There is a recursion limit in python, and the code detects any attempt exceed the recursion limit, returning an #ERR value in the cell.
Another way to solve this is a topological sort, to determine the order of cell calculation, and recursion would not be necesary. Any CELL tokens encountered could have their value determined immediatly, because topological sort would insure all its dependencies are calculated.
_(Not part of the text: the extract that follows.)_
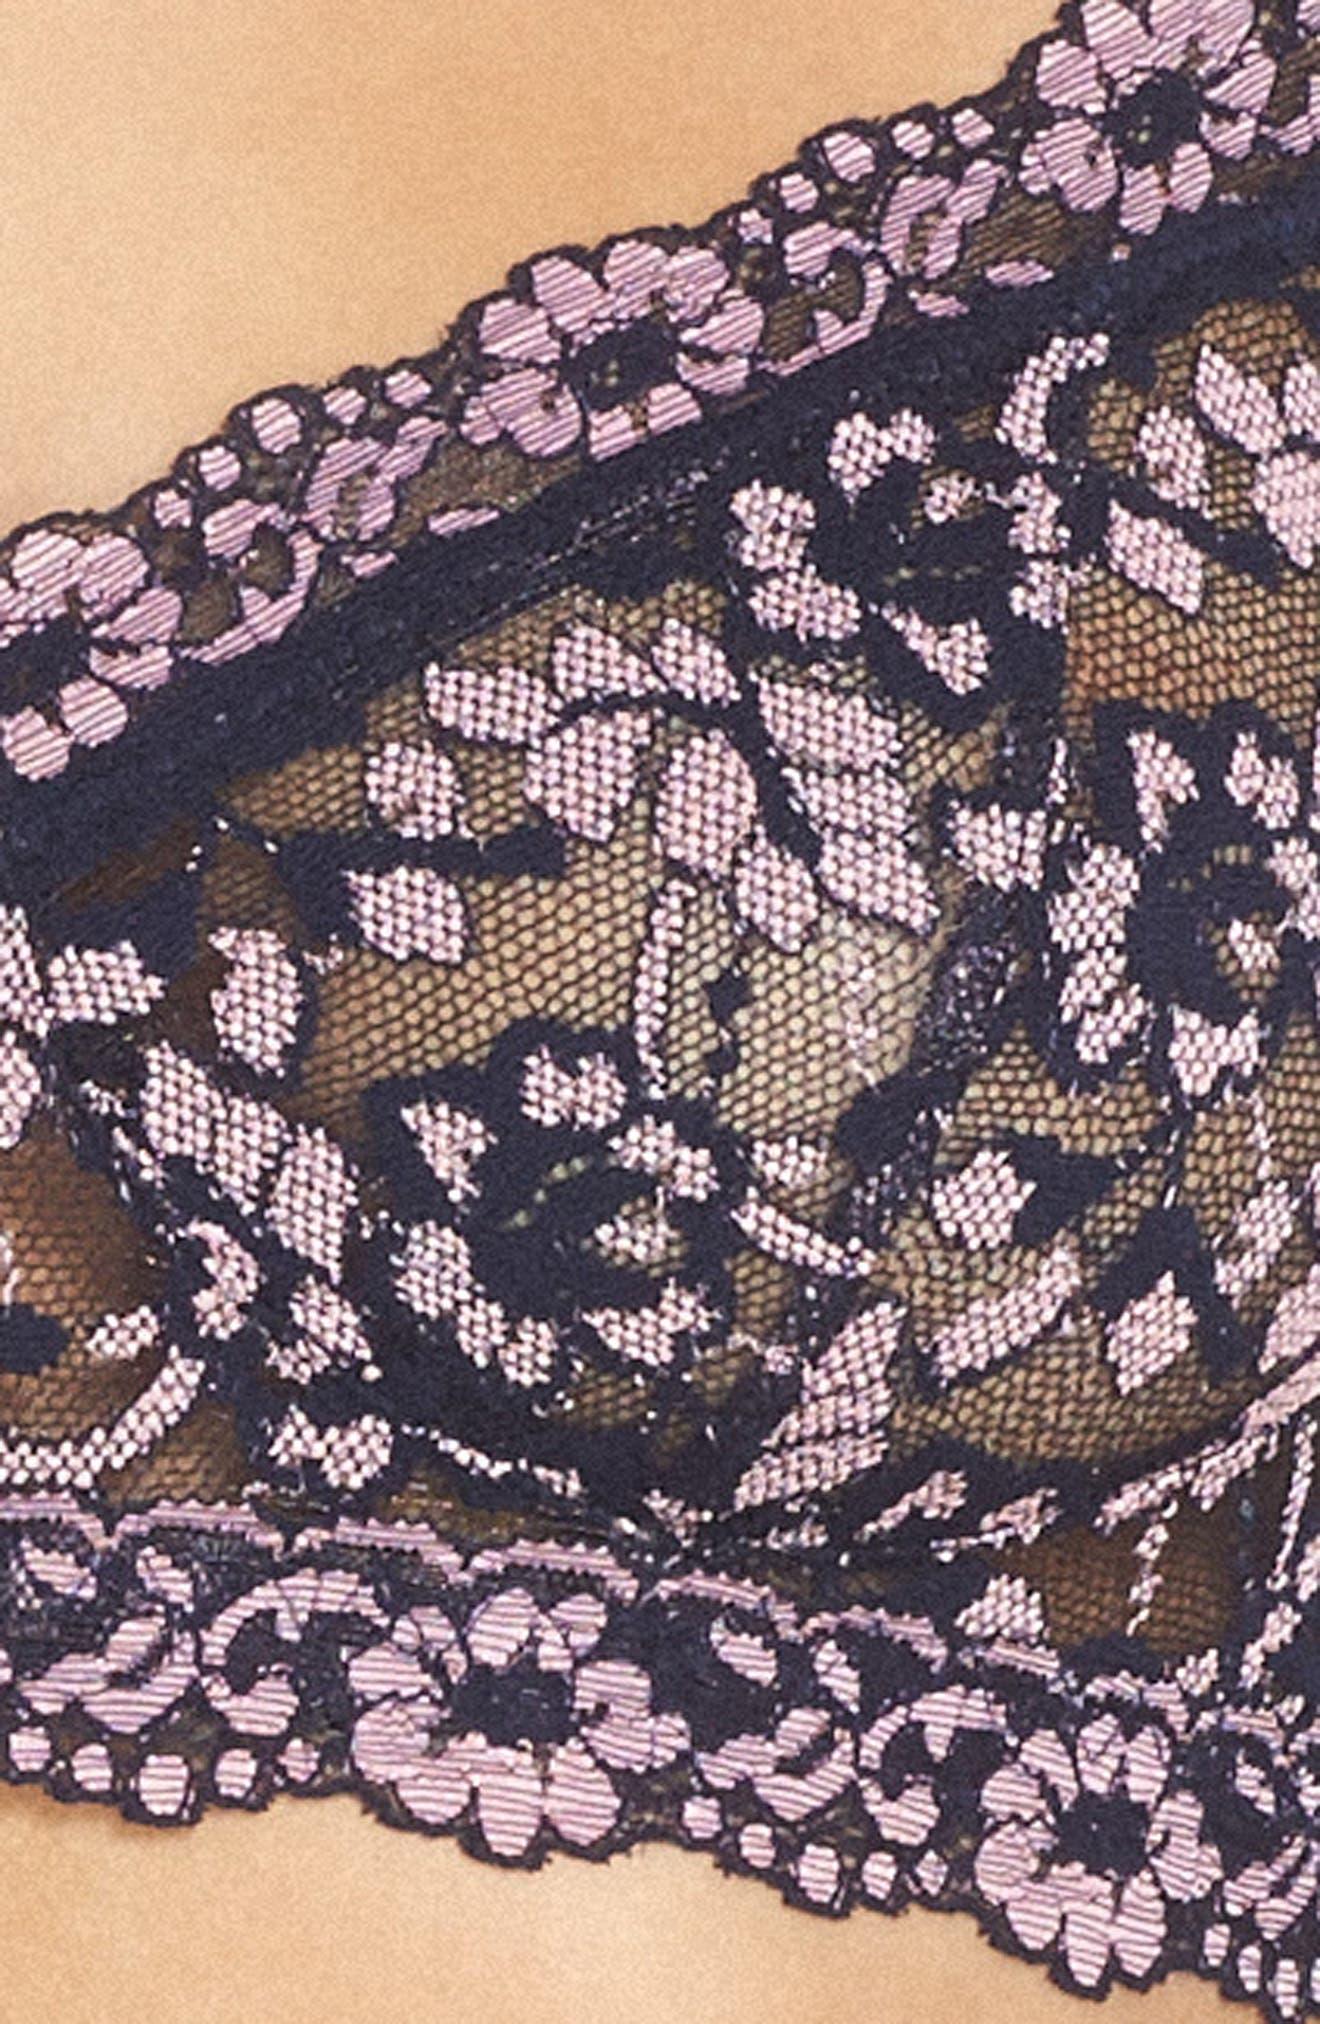 Cross Dye Lace Bralette,                             Alternate thumbnail 12, color,

This setion assumes knowledge of the common algorithms for evaluating postfix notation, I do not do a complete tutorial. There are two ways to evaluate a postfix expression (see Wikipedia for the two different algorithms). evalCell uses left to right, meaning it encounters the operands before the operator. This means I only need to recursively evaluate CELL tokens when they are first encountered in the token stream, and not when they are popped off the stack due to an operator.
It is also possible to use a right to left algorithm, and suggests a way to make evalCell non-recursive. When an unevaluated cell token is encountered, remove it from the input token stream, and push the contents of its cell to the front of the stream. For example if evaluating the expression 1 x + and x = 1 2 *, then when x is read from the token stream, just push 1 2 * to the front of token stream, resulting in:
`1 1 2 *`
Evaluation will proceed as expected. Difficulties arise in preventing infintite loops, which is easy enough to fix. Storing values of already computed cells is less easy to fix, and I have not implemented it.
I include a sample input.csv.
I developed this program on windows. Should be fine on linux and mac.